Robbie Montgomery isn’t about to stop making her customers’ favorites. Still, her pronouncement is almost a sacrilege, uttered just feet from Sweetie Pie’s steam tables:
“I’m burned out on mac and cheese.”
Hmmm. She’s talking about the beloved comfort dish Guy Fieri showcased on Food Network and the one selected for both a new book on soul food restaurants, “The People’s Place,” and Montgomery’s own “Sweetie Pie’s Cookbook” (Amistad, 211 pages, $28.99).
Of course making thousands of pounds a week of anything could turn off a cook. But the mac and cheese recipe is probably one of the cookbook’s top draws for many Sweetie Pie’s eaters, even if they won’t want to bother with a curious addition that Montgomery doesn’t actually follow: homemade “Better-Than-Velveeta Cheese Spread.” That recipe was suggested by her recipe tester and co-writer, Ramin Ganeshram of Connecticut. The packaged brand is fine, though, with Montgomery.

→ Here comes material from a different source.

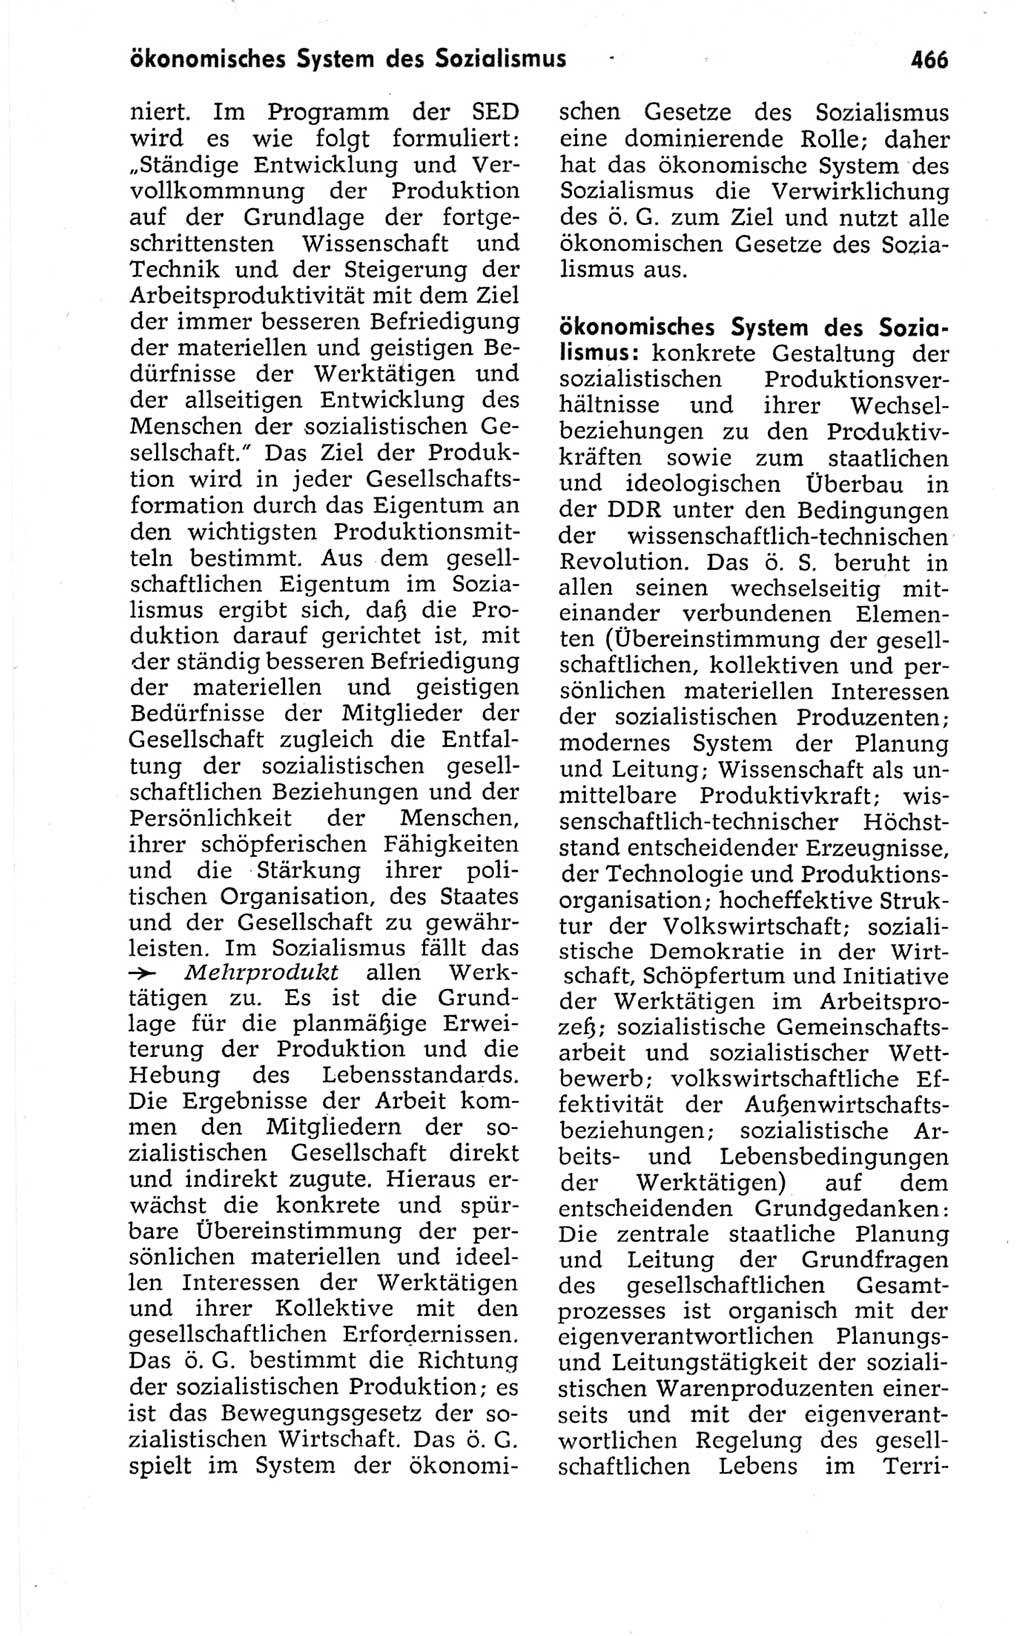 Kleines politisches Wörterbuch [Deutsche Demokratische Republik (DDR)] 1967, Seite 466 (Kl. pol. Wb. DDR 1967, S. 466)

Still, the mac recipe isn’t the only reason to read “Sweetie Pie’s Cookbook.” Another would be the memories told in the personable style of the reality-show star. (The new season of “Welcome to Sweetie Pie’s” begins Nov. 21 on OWN.)
Even her dedication is delightful: “For my mom and pop, who were excellent cooks with amazing palates. For my sisters and brothers, who ate up every damn thing our parents prepared. Wish we were all still together.”
The Mississippi native, 75, learned to cook from her parents. No recipes were written down, but she had long ago reconstructed some for her restaurant workers and has reduced the amounts and slimmed down other recipes for the cookbook.
When her father, a railroad porter, got home, he’d sometimes cook liver and onions, or his special yellow cake with hot vanilla cream sauce. Her mother, Montgomery writes, “was a miracle worker, somehow stretching my dad’s paycheck six ways to Sunday.” When Robbie wanted what seemed like an upscale dish — stuffed peppers — her mom showed her that it was really a simple recipe with a meatloaf-type filling.
The family (Robbie was the eldest of nine children) was one of the first to move into the Pruitt-Igoe projects, a huge step up because the apartment had four bedrooms. Before that, they’d had three rooms total.
Montgomery also writes, of course, about her years as a backup singer to Ike and Tina Turner and later Stevie Wonder, Patti LaBelle, James Brown, Dr. John and others. While on the road with the Turners, she tired of eating sandwiches on the bus. So after collecting a couple of small appliances, Montgomery would make spaghetti and fried chicken in motels, serving the whole crew. “Trust me, if you can turn out soul food for 20 people on a hotplate and an electric skillet, then you know you’re good,” she writes.
At her restaurant on Delmar Boulevard, Montgomery says the cookbook was her son’s idea. Tim Norman is “young and inspired,” she says, and told her, “Mama, you could do it.” She appreciated help from a professional cookbook writer: “I didn’t know anything about writing a cookbook. It was more work than I ever imagined.”
She’s happy to share recipes for foods that young people tell her fondly remind them of their grandparents — and that they have no experience cooking.
“I want these recipes to be around.”
Which brings us to the third-best reason to read the cookbook. Many people have never made some of the dishes, such as chitlins, so the descriptions are fascinating. And where else would we find “Neck Bones Three Ways”?
Montgomery says one of her favorite dishes is Oxtail Soup. Oxtails are a special on Thursdays at Sweetie Pie’s, and the restaurant usually sells out of the 80 pounds prepared.
But if she has leftovers, Montgomery will take a good bowl of oxtail soup over mac and cheese.